Amazon's Rekognition Falsely Identified Congress Members In Mugshot Database

Amazon has been under some heat lately for its facial recognition tool dubbed 'Rekognition'. This tool was used by some police forces to help catch some criminals. But it has come under fire lately for not being all that accurate. The ACLU or American Civil Liberties Union, did an experiment to see how well this tool actually worked. And Rekognition falsely identified 28 members of Congress - from both the House and Senate - in a mugshot database. Showing one of the worst failure rates imaginable.

In the experiment, the ACLU found that Rekognition had the worst failure rate for people of color. The ACLU had built a database of around 25,000 pubclicly available mugshots, and then used Rekognition to search the database for each member of the Senate and House of Representatives. There were 28 false matches, and 39-percent of those were for people of color. Only about 20-percent of Congress are people of color in the first place. This actually is not surprising, as other recognition tools have issues with people of color, so seeing that Rekognition is also having the issue, is not a big surprise.

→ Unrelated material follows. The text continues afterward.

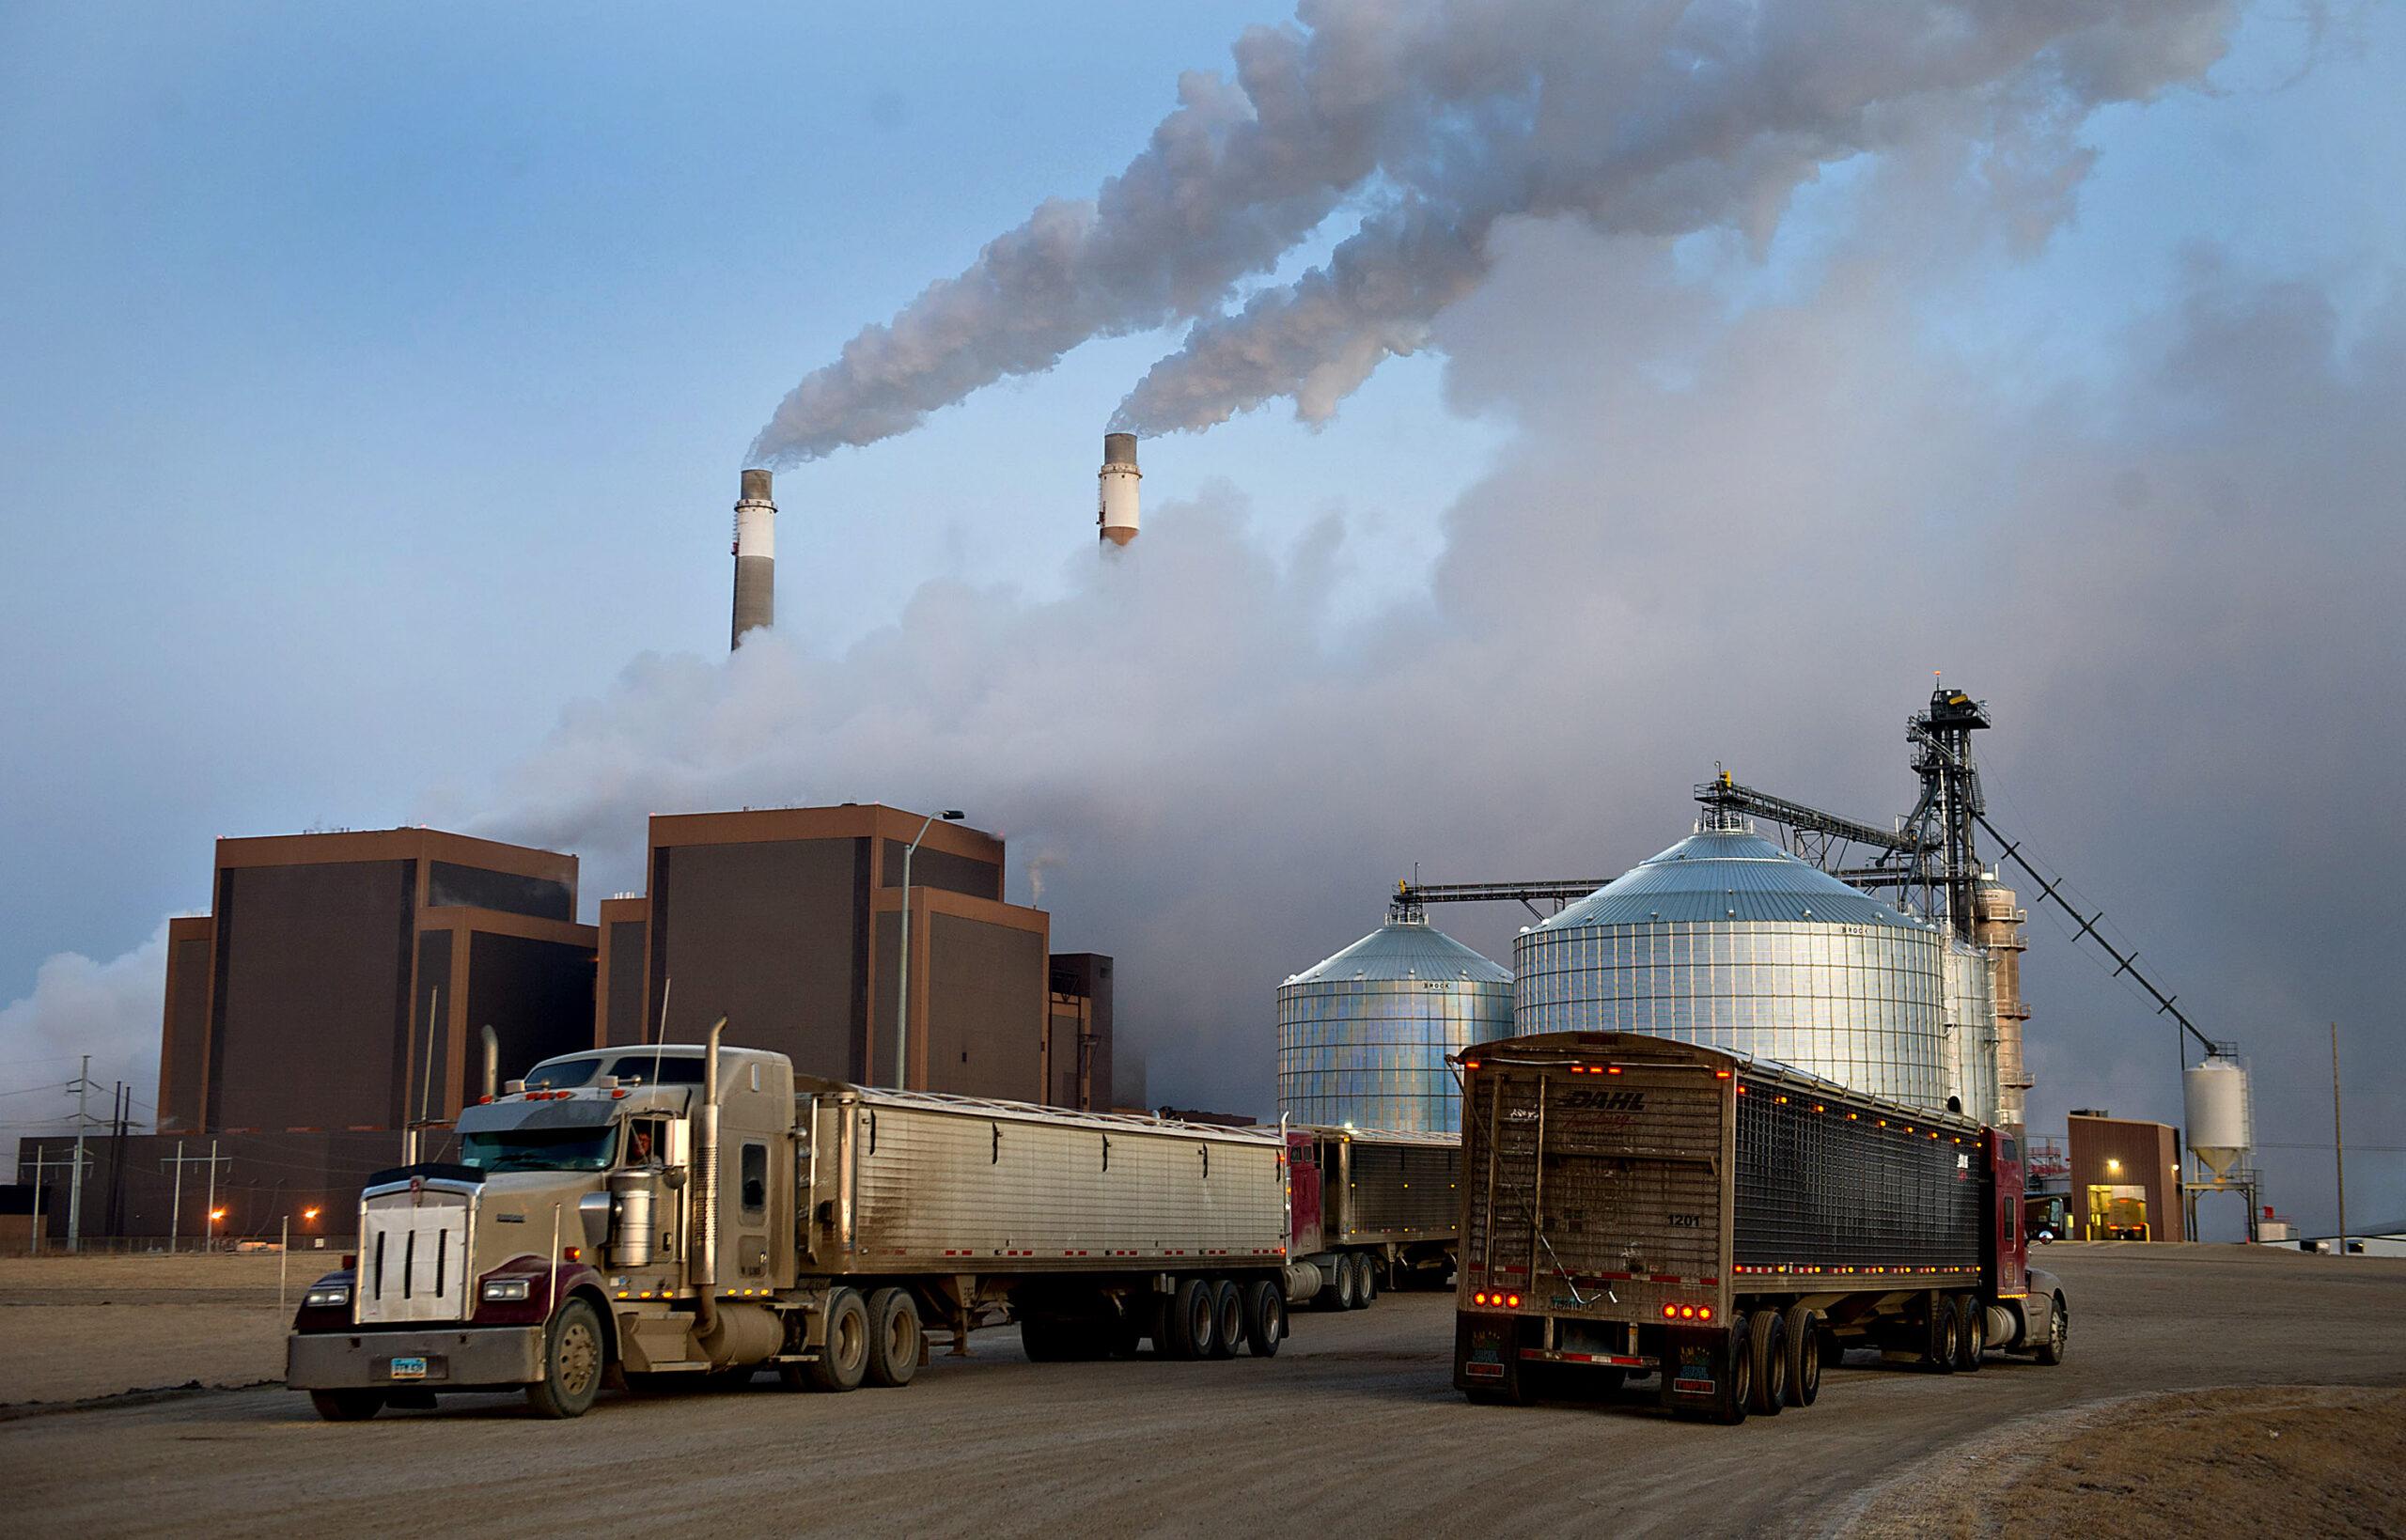 Trucks wait to enter the Great River Energy Blue Flint Ethanol plant in Underwood, North Dakota, on Thursday, Feb. 9, 2012. Credit: Daniel Acker/Bloomberg via Getty Images

Jacob Snow, one of the technology attorneys for the ACLU stated that "I think these results emphasize that there are applications of face surveillance that are not safe. You could imagine a police officer getting a match that somebody has, for example, a concealed weapons arrest and that's going to bias the police officer." While facial recognition could really help law enforcement catch criminals that are on the loose and identify them. It could also falsely accuse a number of people, especially those of color. Which wouldn't be a good look, and currently the police already have a lot against them in the US. And this is something else that they don't need to worry about right now.